Examining Mac OS X 10.4's Spotlight

Ton writes "Apple has published a discussion of Spotlight, the radical systemwide search technology that will be part of Mac OS X 10.4 'Tiger'. The really interesting part is that metadata will be playing a big role in Spotlight while just a few years ago people were afraid metadata in Mac OS X was going the way of the dodo."

15 of 440 comments (clear)

  1. Re:Radical by dJOEK · · Score: 5, Informative

    Spotlight is basically a SQLite db that holds data about documents and files on your system. Metadata is gathered by a sort of 'plug-in' for each different file type.

    A Typical use will be making query's such as: Show me everything agent dero sent me between tuesday and thursday last week. Mails, IM transfered images, you name it... Best of all, since this is metadata based, it's supposed to be lightning fast

    You could envision a plugin that would Spotlightify slashdot threads you read, in theory, and apply the power of a database to it.
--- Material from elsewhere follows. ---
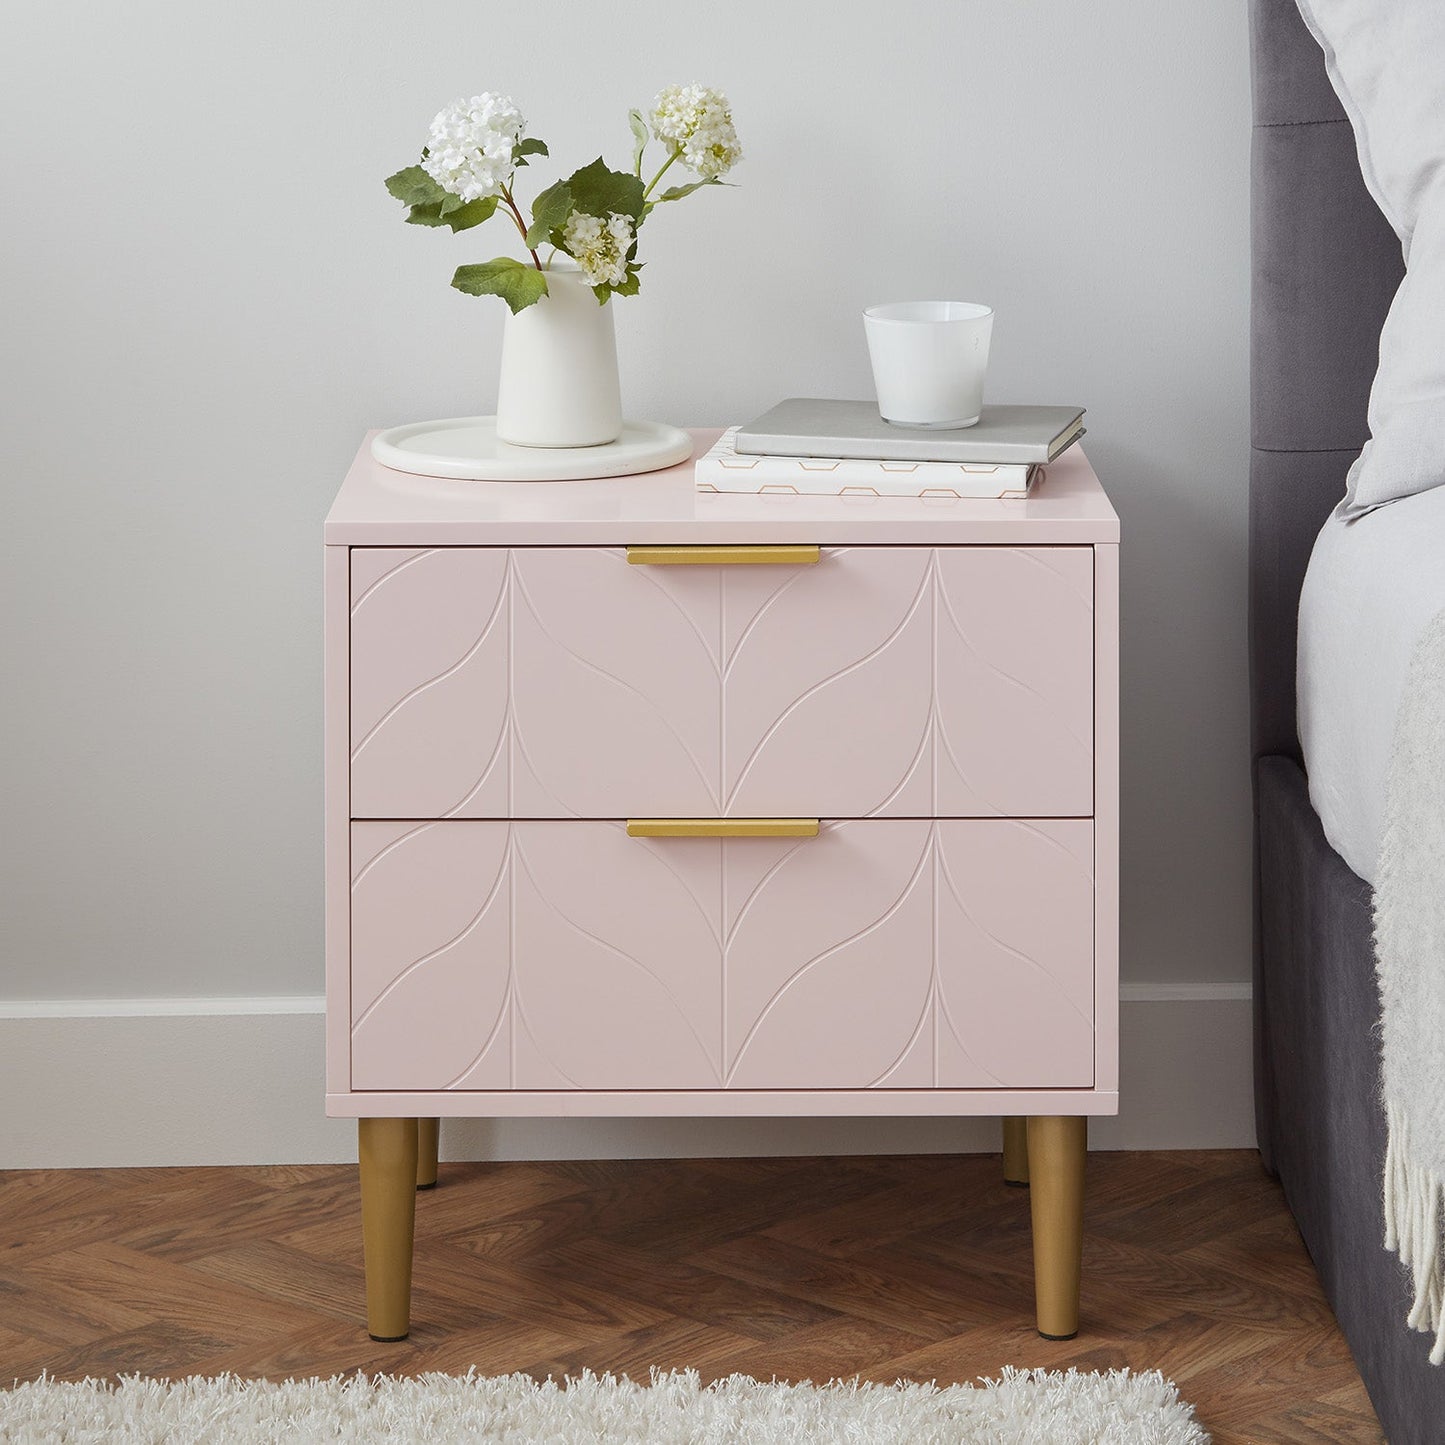 Gloria wardrobe and drawers set -3 drawer chest of drawers - pink - Laura James

    but really, you should RTFA

    --
    Exercise caution when modding this message up: the author acts like a jerk when his karma is excellent.
  2. Re:Radical by Professor+S.+Brown · · Score: 5, Informative

    The linked article is shit.

    http://developer.apple.com/macosx/tiger/spotlight. htmlYou want this one instead, its got loads more info on what it does and how it works, plus some code examples for the gimps.

    --
    Shitram Brown, PhD
    Professor of Mathematics
  3. Re:Sounds like Windows, actually by Professor+S.+Brown · · Score: 5, Informative

    People who have used it report no performance degredation. And no, its nothing like Windows search, which Mac OS has also had since System 8 or earlier.

    For one, it doesn't take half an hour, it shows you the results as you type, instantaneously.

    Secondly, via plugins it can understand *any* file, such as an image metadata importer that uses OCR so you can search for words, or a Flesh-tone detector so you can search for all your porn that way.

    --
    Shitram Brown, PhD
    Professor of Mathematics
  4. Is THIS the discussion? by siliconjunkie · · Score: 5, Informative

    The post links to the Apple Spotlight page that has been there for months. Is THIS the "discussion" that is being referred to in the post?

  5. the actual discussion/article by Anonymous Coward · · Score: 5, Informative

    >>> "Apple has published a discussion of Spotlight, the radical systemwide search technology that will be part of Mac OS X 10.4 'Tiger'.

    What's really funny is that there's no link to the actual published discussion... but anyway...

    http://developer.apple.com/macosx/tiger/spotlight. html

  6. Re:Radical by CountBrass · · Score: 5, Informative

    The radical difference is that Spotlight generates the metadata itself rather than you having to tag stuff yourself. It has content handlers to intelligently tag all kinds of different "stuff" so it "knows" what a Word document is and what a web page is and what a .png file is etc etc.

    --
    Bad analogies are like waxing a monkey with a rainbow.
  7. Re:Sounds like Windows, actually by catwh0re · · Score: 5, Informative
    Actually it's quite different from the index search.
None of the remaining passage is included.